Un reto más para el país es la superación de la mirada maniquea de la política en términos de la relación amigo-enemigo, la tolerancia, como instrumentos imprescindibles para la convivencia pacífica y para el logro de metas de desarrollo colectivo. Pasa lamentablemente por la titánica lucha contra la corrupción y sus peligrosas mafias enquistadas hace décadas en el aparato político y estatal.
El espíritu democrático que busca abrirse camino en un esta Colombia agobiada por la violencia es la esperanza de una generación que fue educada para soñar. Un lujo que las anteriores no tuvieron y que es nuestro deber potenciar para que cada día podamos avanzar en esos sueños construyendo un país mejor.
La Constitución del 91 contribuyó a generar ese clima cultural al dar importancia a la participación directa de los ciudadanos en la decisión sobre asuntos de interés colectivo, no importa que hoy aparezca deformado, violado o insuficiente. Fue al menos una base para el reto que se viene en Colombia. Escribir una nueva ley para la educación superior es tan importante como proceso precisamente porque es el primer paso hacia un fin mayor.
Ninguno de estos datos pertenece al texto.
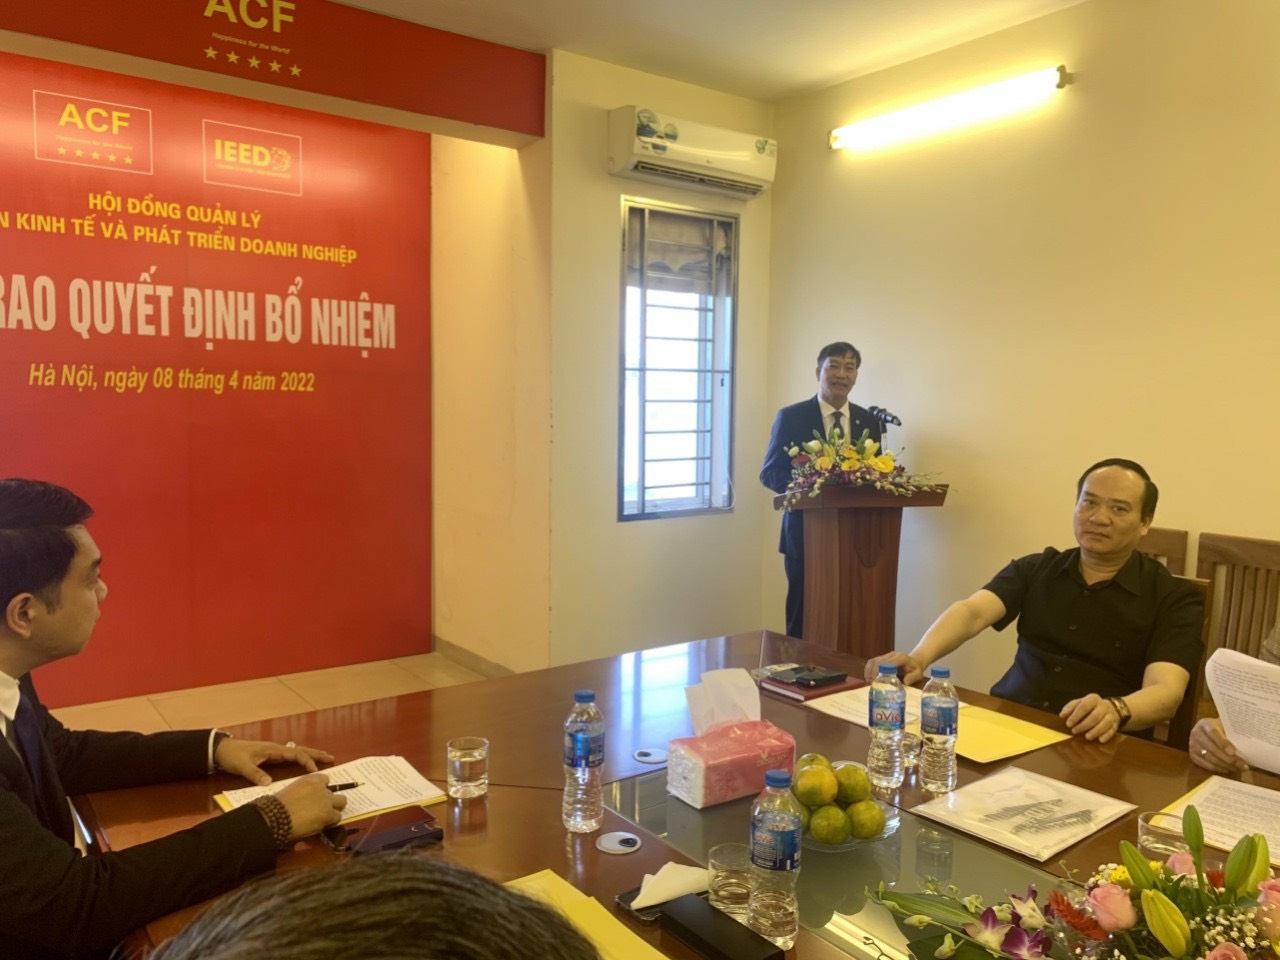 Ông Trần Ngọc Nam - Phó viện trưởng , đại diện 03 đồng chí lên phát biểu nhận nhiệm vụ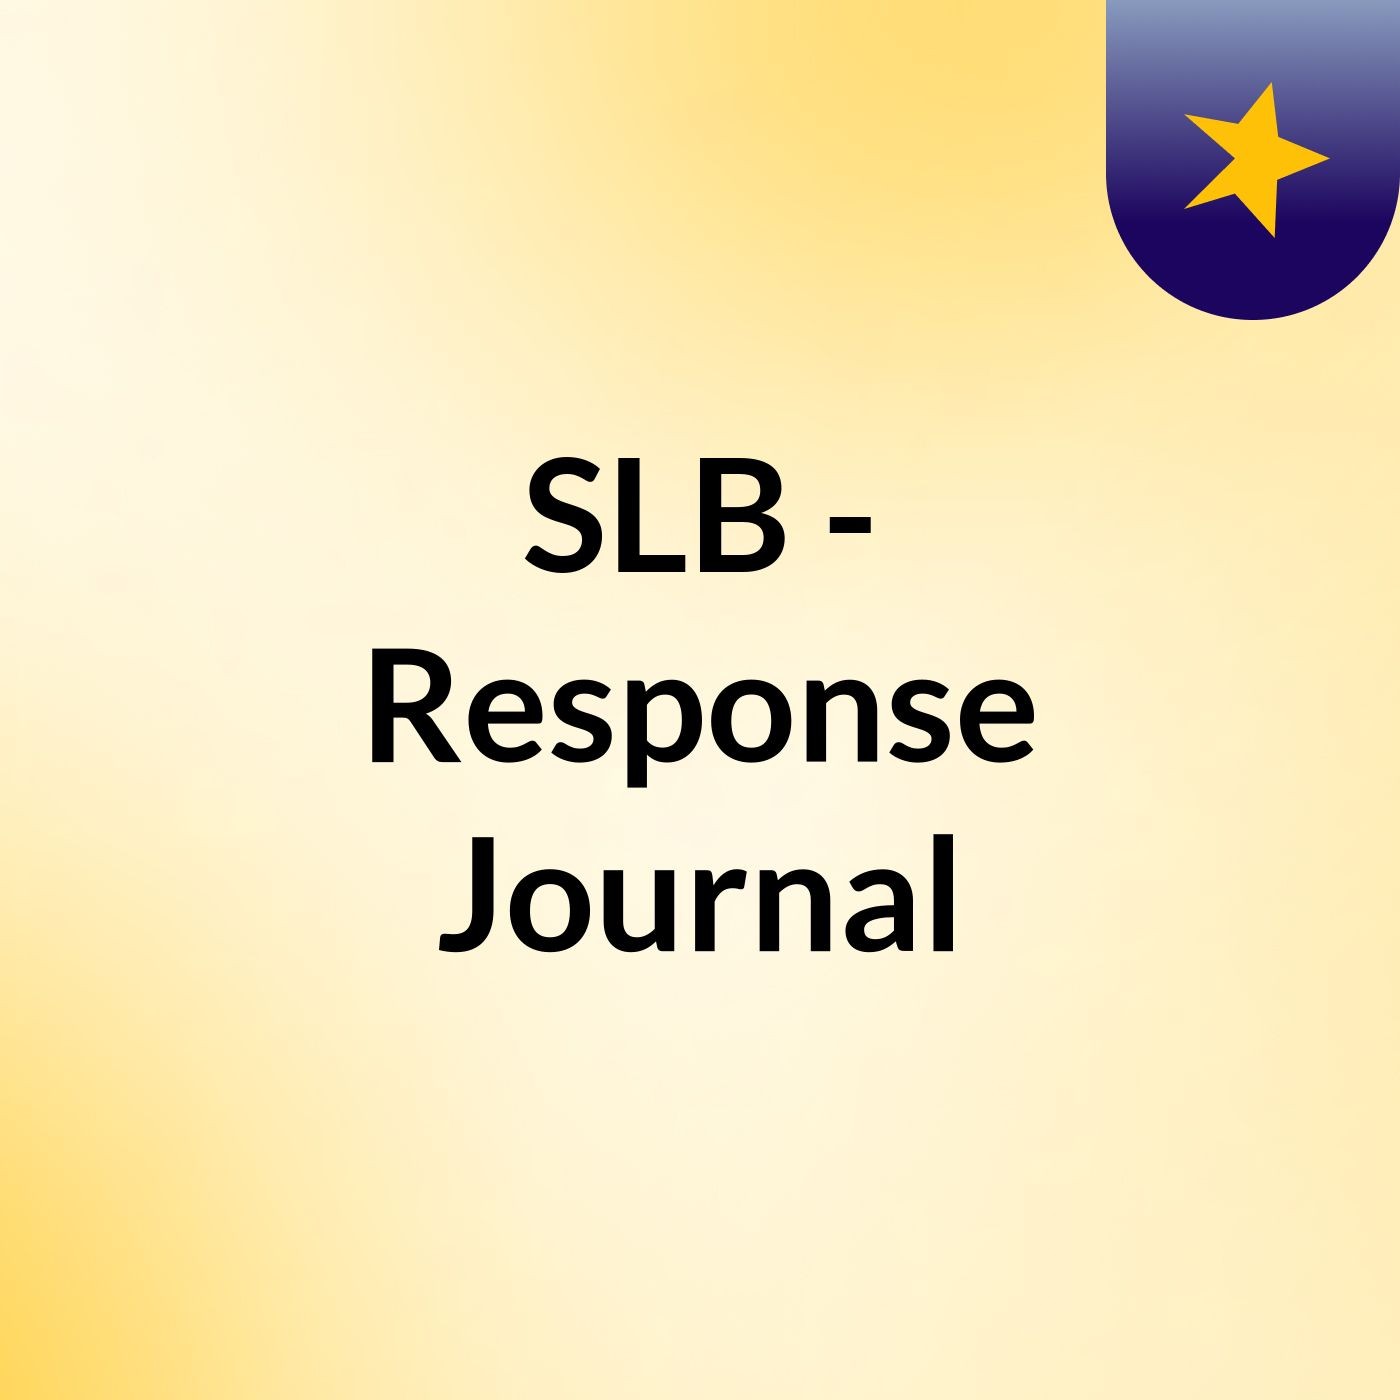 Episode 5 - SLB - Response Journal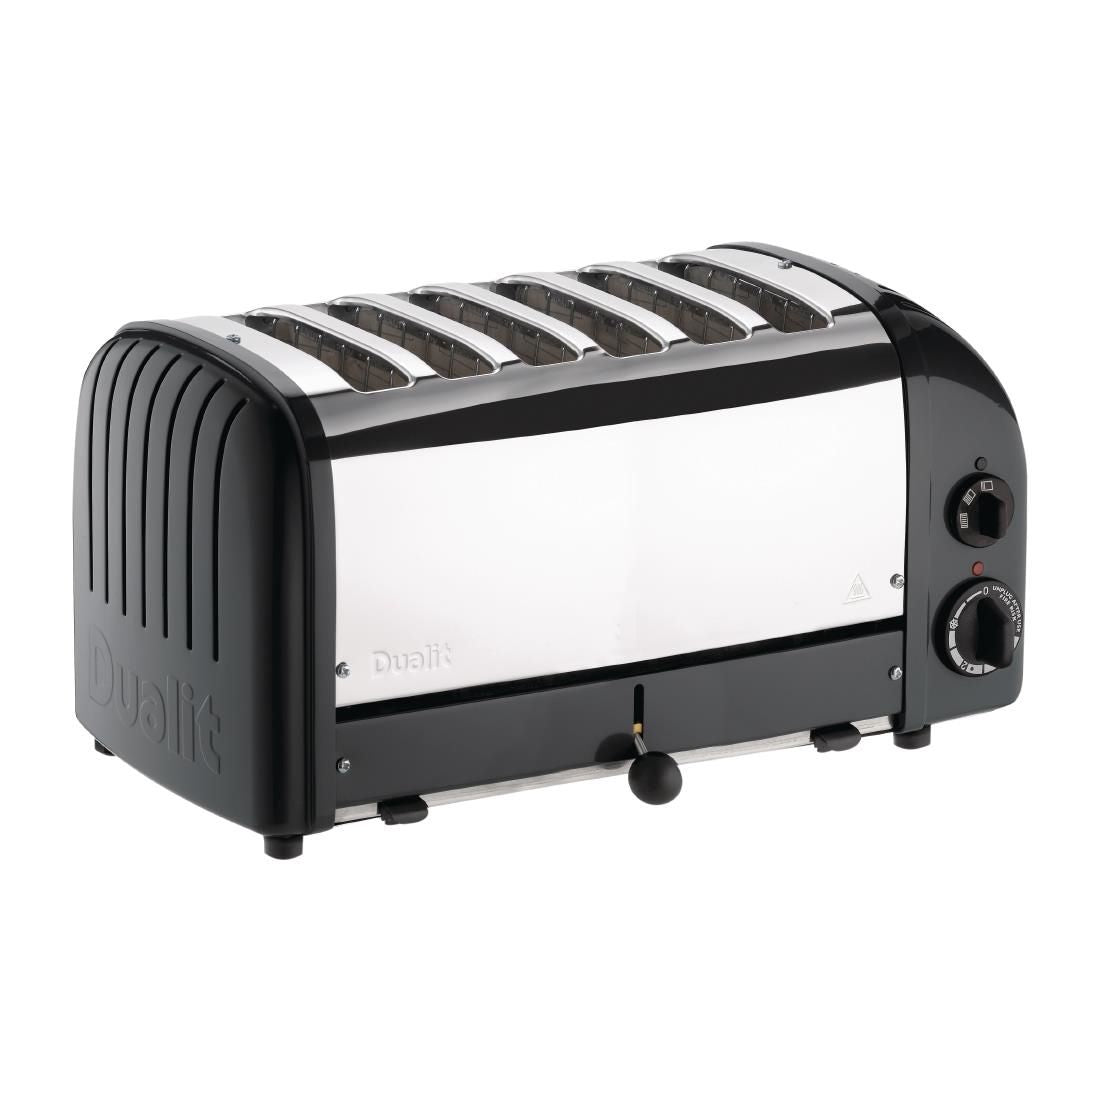 Dualit 6 Slice Vario Toaster Black 60145 - E267 Toasters Dualit

Un ejercicio que puede no llegar tan rápido y tranquilamente como muchos quisieramos, la reformulación total de la realidad colombiana y sus reglas de juego.
Deben ser cada día más los ciudadanos que se vinculen a movimientos y órganos de participación comprometidos con la reconstrucción de este país en ruinas. Y aunque este proceso sea de largo aliento, se trata de una necesidad inmediata para el cambio en la cultura política.
Ahora bien, necesitamos saber cuál es el tipo de motivaciones que llevan a la gente a intervenir y participar en procesos de fiscalización y protesta. Hay líderes que se unen a esa tarea por razones eminentemente altruistas y de servicio. Están interesados en prestar una colaboración que beneficie a su vecindario inmediato, a su barrio o, como ellos mismos lo dicen, a su “comunidad”.
Incluso, hay quienes piensan más allá de las fronteras de sus intereses particulares y piensan en la ciudad y en el país. Necesitamos que Cali vuelva a ser de los caleños, que Colombia vuelva a ser de los colombianos en el sentido de que los ciudadanos sientan que pertenecen y por eso mismo les protejan. No más ciudades “de nadie”.
Pero también hay que admitir y cuidarse de esas motivaciones de corte utilitario. Es el veneno que corre en la sangre de la política actual. Motivaciones ligadas a intereses partidistas y redes clientelistas, que utilizan y privilegian su identidad partidaria como criterio de actuación para ganar poder y acceder a los dineros públicos.
En las actuales circunstancias, las motivaciones altruistas parecen ganar terreno a medida que la crisis económica y social se agudiza. De la nueva cultura política, de los actuales y futuros líderes populares y sus comunidades depende que esto continúe. Este es el camino del fortalecimiento de la racionalidad colectiva, requisito del fortalecimiento de la escena pública.